Though, on balance, I think the aristocracy thing makes me ragier.
ETA: Linky: https://www.theguardian.com/news/2017/sep/07/how-the-aristocracy-preserved-their-power
danielx
Wonder how long his smirk will last when he finds out he really does have a face that cries out for a fist.
schrodingers_cat
@Nicole: Don’t worry someone will be right along to tell you how wonderful Queen Elizabeth is, she has cute dogs too.
Amir Khalid
@Dr. Ronnie James, D.O.:
I guess the Wu-Tang Clan didn’t want Shkreli to have their last word.
Hmm. Even WordPress doesn’t like Martin Shkreli. It puts the Red Squiggle of Incorrect Spelling under his name every time I type it.
Le Comte de Monte Cristo, fka Edmund Dantes
I’m picturing a jail summit where the leaders of all the gangs agree that he is to be despised, and how they will allocate his substantial bribes to everyone to avoid a daily ass kicking.
He can bring all together – white supremacy, Latino, black and Asian….
AliceBlue
@FlyingToaster:
Awww. The thought of Shkreli in Rikers made my day.
a thousand flouncing lurkers (was fidelio)
Shkreli is someone who has never in his entire life had the hammer come down on him in a manner that made enough of an impression that he would make the slightest effort to change his behavior. I suspect he’ll get crosswise of someone in prison pretty quickly, The judge seems to have decided cutting him slack was a proven bad idea at this point.
He much be a major PITA to represent, and I hope his defense team has made sure to keep him on a pay-as-you-go basis.
FlyingToaster
@AliceBlue: It’d have been more fun to keep him in Manhattan, but they’re seriously overcrowded.
Darrin Ziliak (formerly glocksman)
Waiting for the inevitable Trumpista claim that ‘his kind’ is biased against white men and that Shkreli is innocent.
Butthurt Jordan Trombone (fka XTPD)
@Amir Khalid: @Dr. Ronnie James, D.O.: The Wu should put out a double album produced entirely by Pete Rock & DJ Muggs, and it must be subtitled Soul Brother vs. Soul Assassin.
The Moar You Know
I am profoundly grateful for Shkreli. He’s the no-apologies representative of 21st century capitalism, a guy who has no qualms about saying in public “why yes, I think all the poors should die. In fact I’ll happily help.”

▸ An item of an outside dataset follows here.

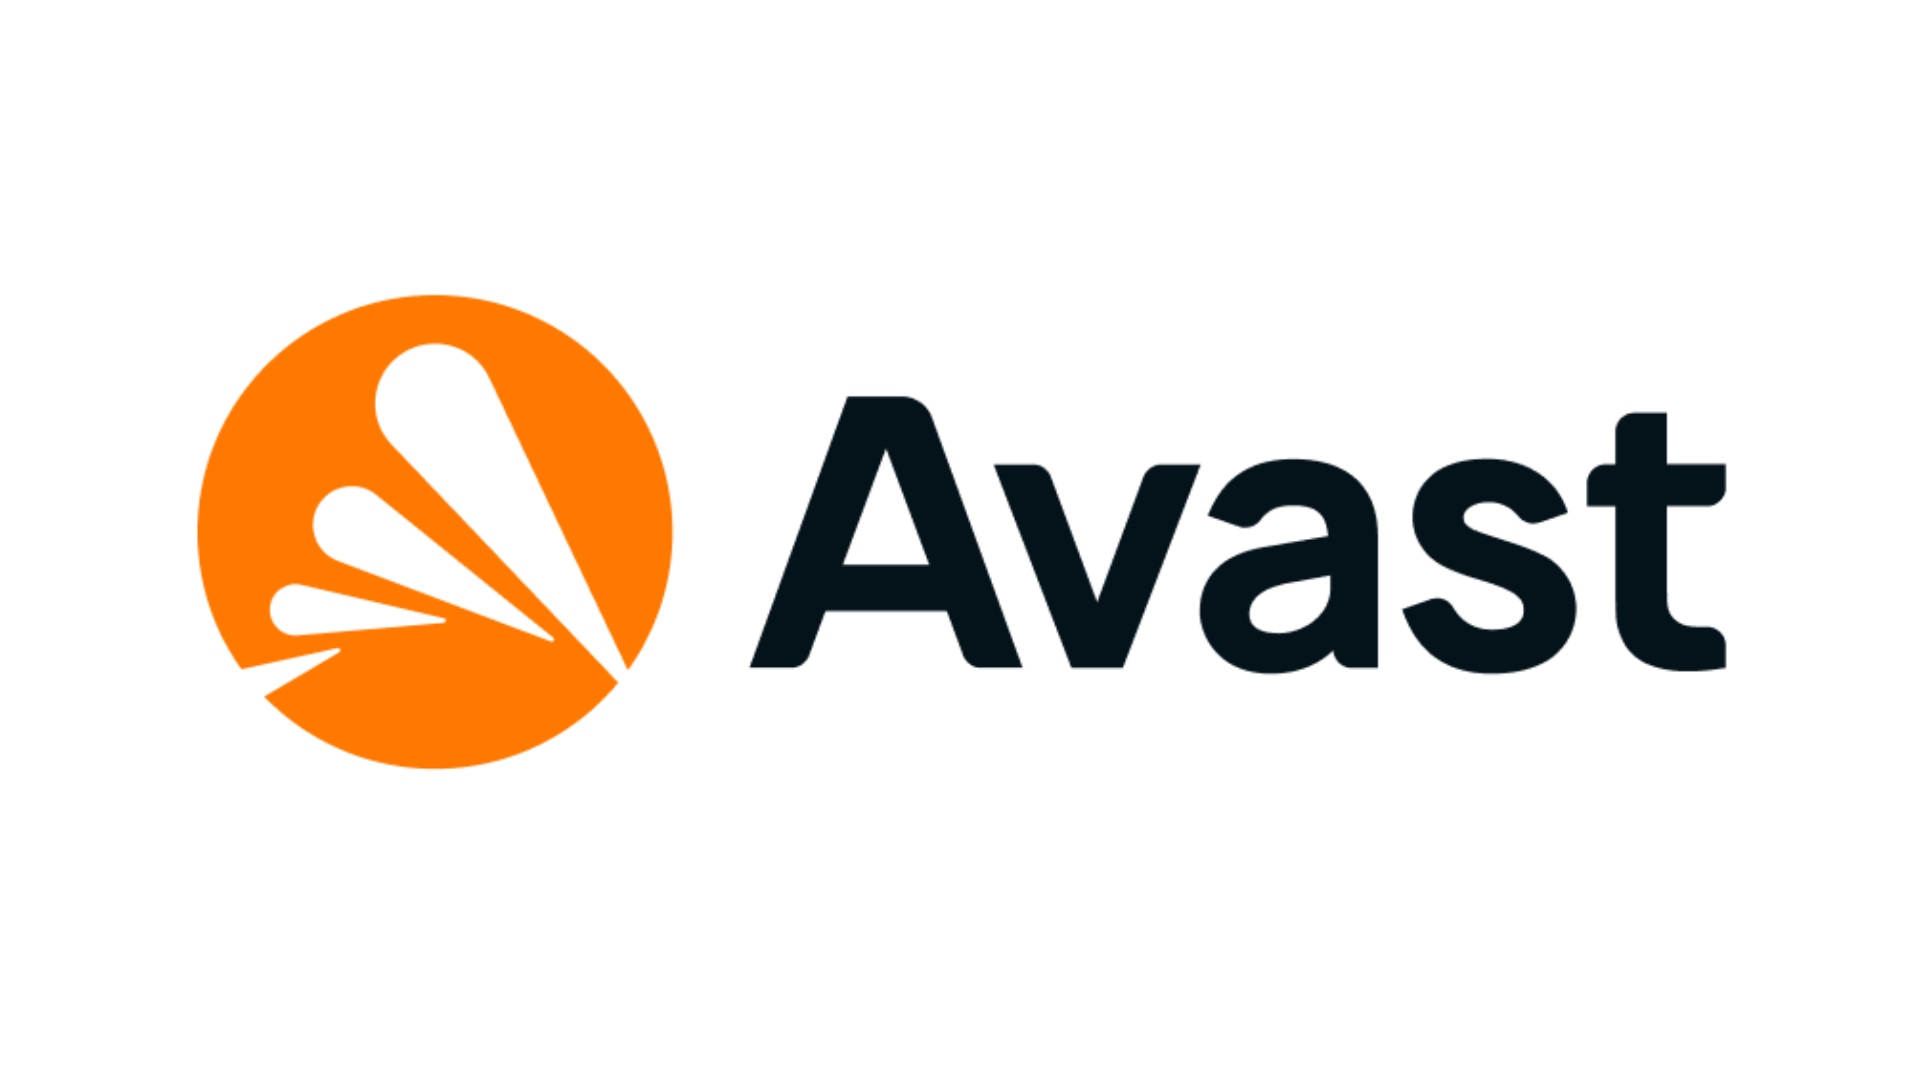 Antivirus ที่ดีที่สุด: Avast รูปภาพแสดงโลโก้ของ บริษัท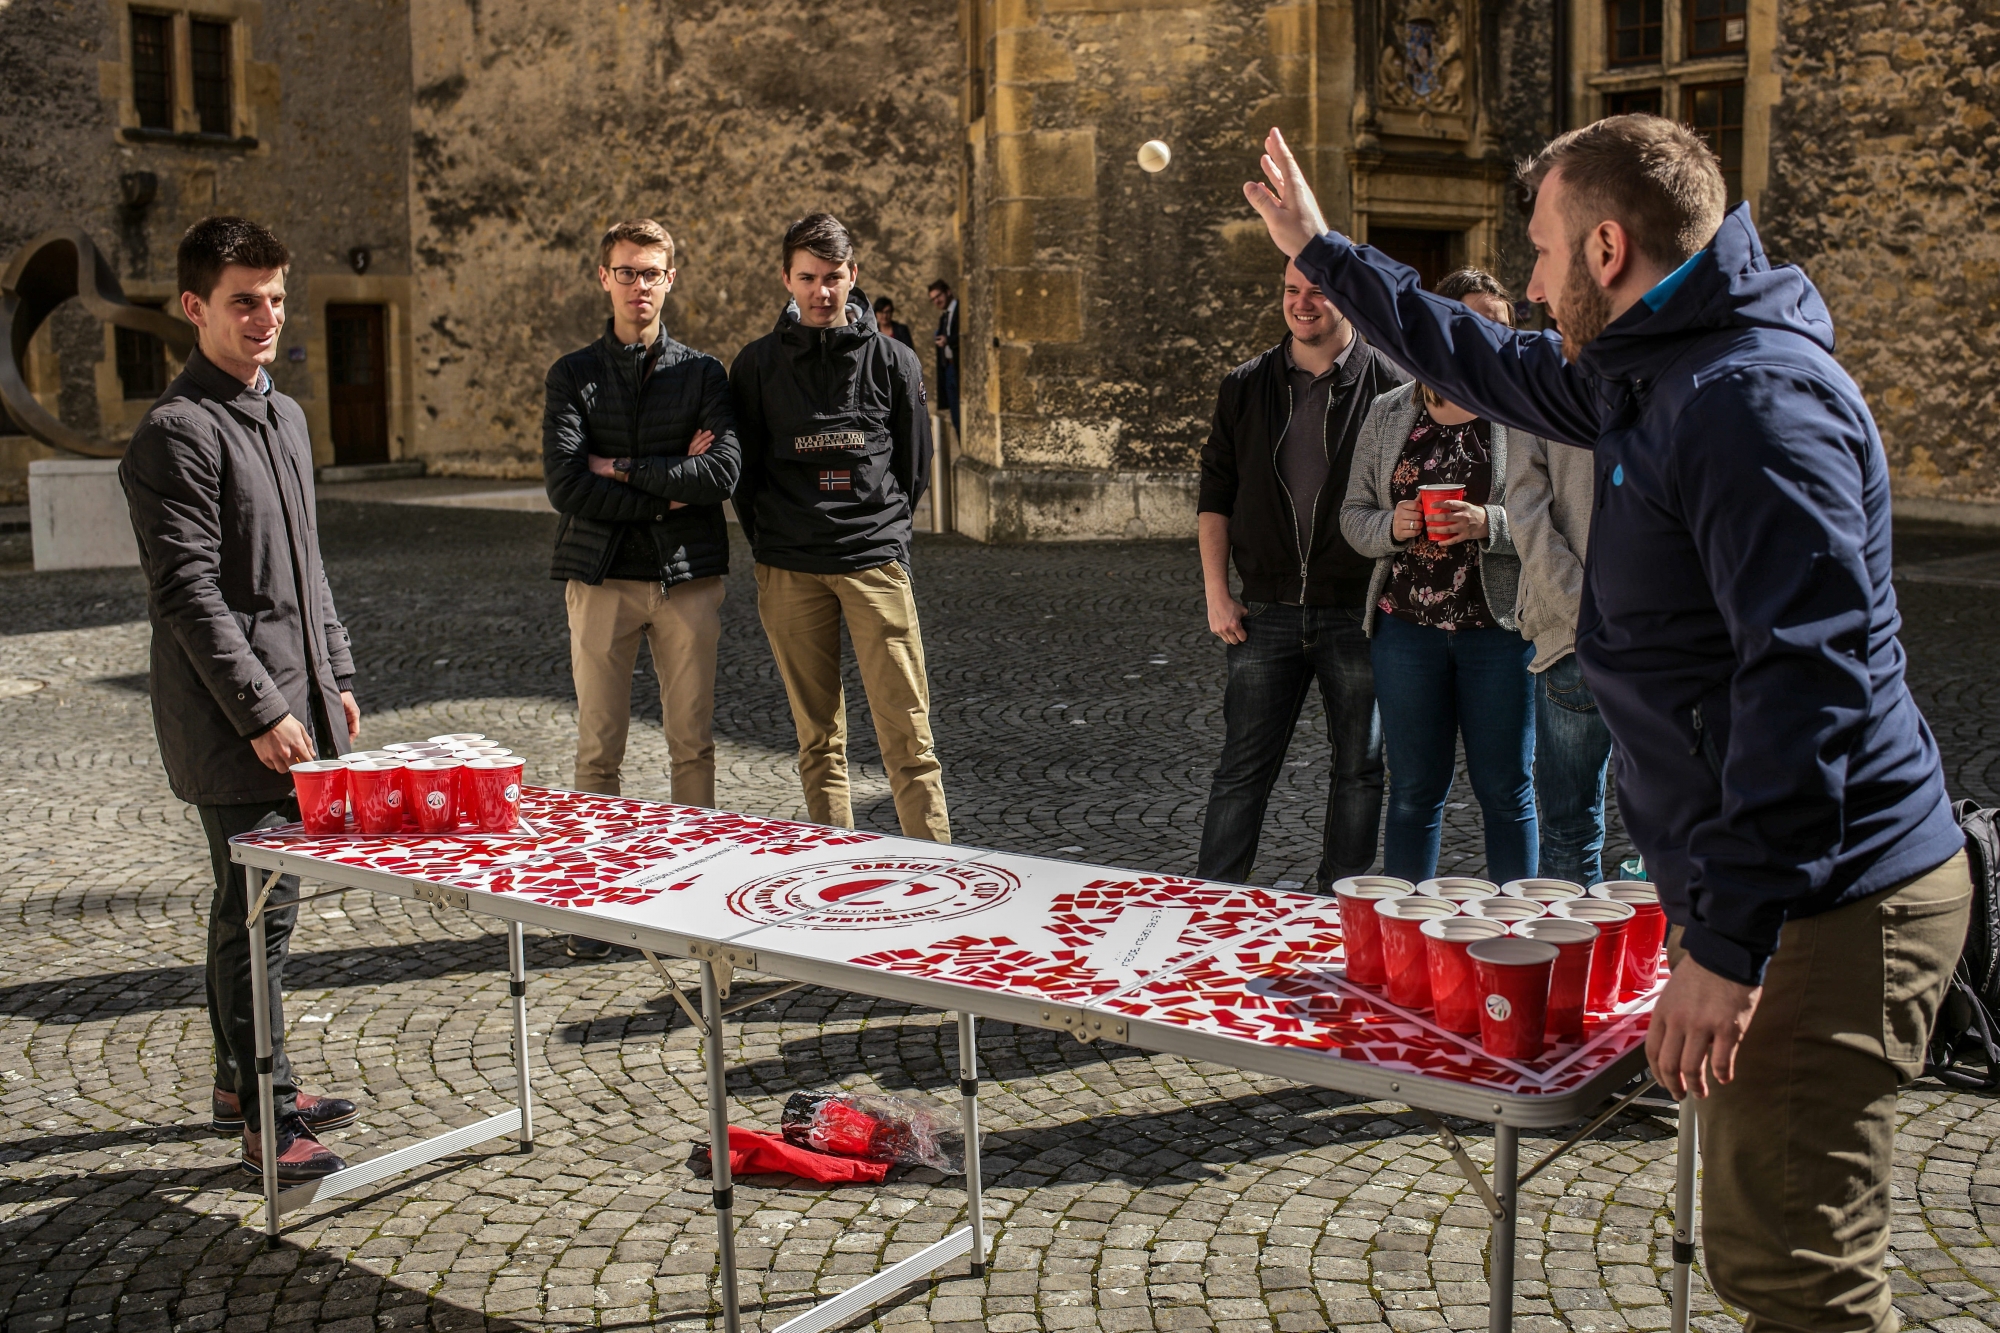 Les Jeunes libéraux-radicaux ont joué au beer pong dans la cour du Château.

I don’t think we’ll see any sort of profound change in this nation, but on the off-chance we do, it will be because of the tireless efforts of conscienceless wealthy people just like him. Of which there are many.
zhena gogolia
Thread is “Assholes,” and I think Pennywise the clown qualifies, so here’s this article in Russian Life magazine that looks intriguing (circuses are a BFD in Russia): “Send in the clowns! Or rather, ban them. And one in specific: Pennywise, the murderous clown from the horror novel-turned-movie It, is making professional clowns fear for their livelihoods. With a new film adaptation set to hit theaters next week, a comedy troupe in St. Petersburg protested the film. Clowns across Russia worry that the film will discredit their profession, making children fear for their lives rather than revel in the joys of red noses and balloon animals.”
Timurid
I had to chuckle while I was reading what was otherwise a very serious article…
Smedley Darlington Prunebanks (Formerly Mumphrey, et al.)
This guy is like Donald Trump. There’s just something missing here. It’s like they had lobotomies or something, and somebody took out of their brains whatever it is that tells us how to behave decently. I really don’t think they understand why people get upset by the things they do and say. There’s something missing.
rikyrah
Glad he’ll spend some time in jail.
Major Major Major Major
Haha, fuck him.
@Amir Khalid: That’s not wordpress, it’s your computer.
rikyrah
Bernie Sanders’s Bill Gets America Zero Percent Closer to Single Payer
By
Jonathan Chait
The sight of 15 Senate Democrats, including many of the party’s likely presidential contenders, co-sponsoring Bernie Sanders’s single-payer health-care bill may look like a momentous step. “What that means,” writes Jake Tapper, “is that with the notable exception of former Vice President Joe Biden, every top tier(ish) 2020 Democrat is now on board with a policy proposal that Clinton said less than two years ago would ‘never, ever come to pass.’”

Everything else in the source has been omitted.